The Diary of a Nobody by George and Weedon Grossmith

Scoop by Evelyn Waugh

A Confederacy of Dunces by John Kennedy Toole

Three Men in a Boat by Jerome K. Jerome

Mapp and Lucia by E.F. Benson

Nothing….Except my Genius by Oscar Wilde

Raffles: The Amateur Cracksman by E. W. Hornung

Modern Baptists by James Wilcox

The funniest books I’ve read so far were

John Steinbeck’s Cannery Row

Helen Fielding’s Bridget Jones’ Diary

Douglas Adams’ The Hitchhiker’s Guide to the Galaxy,

Erich Kästner’s Drei Männer im Schnee – Three Men in the Snow (oop)

Philippe Jaenada’s Le chameau sauvage (not translated)

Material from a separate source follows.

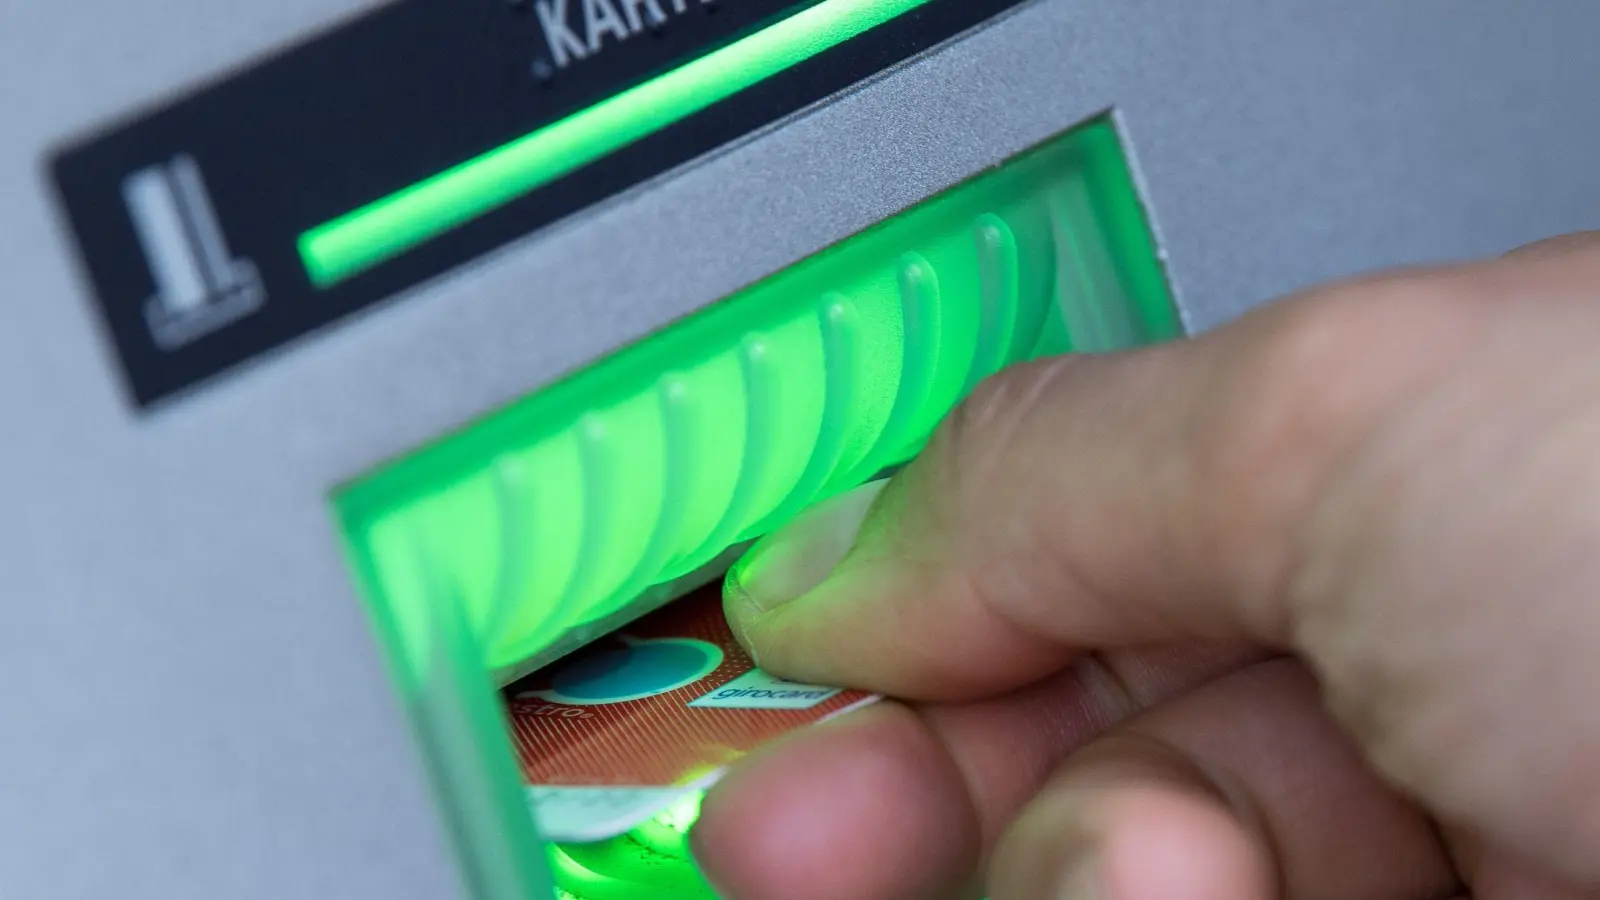 Statt Geld abzuheben, hat der Mann seine Wut an dem Bankautomaten ausgelassen. (Foto: Fabian Sommer/dpa)

I also thought that Janet Evanovitch’s One For the Money was very funny. Other than that, I’m a bit at a loss.

The problem with recommendations for funny novels stems obviously from the fact that the sense of humour of one person is so very different from the sense of humour of another one. I even suspect that relationships have ended due to incompatibilities in that department (following right after incompatible tastes in music). Especially satire and black humour aren’t everybody’s cup of tea. While I consider the movie No Man’s Land to be extremely funny, other people think it’s in bad taste to laugh about three guys trapped between enemy trenches with a bomb strapped to one of them.

What is considered to be funny or comic and why is a topic even great minds deemed worthy of analysis. If you are interested to explore this some more I can recommend two classic essays which are quite interesting, Bergson’s Laughter: An Essay on the Meaning of the Comic – Le rire: Essai sur la signification du comique  and Freud’s The Joke and Its Relation to the Unconscious – Der Witz und seine Beziehung zum Unbewussten.

While I could make a long list of funny movies and series (and might do so in a future post), I have, as you may have realized, a hard time to come up with a similar book list.

Do you know any of the novels in my collection? Do you consider them to be really funny? Which are the funniest novels you have read?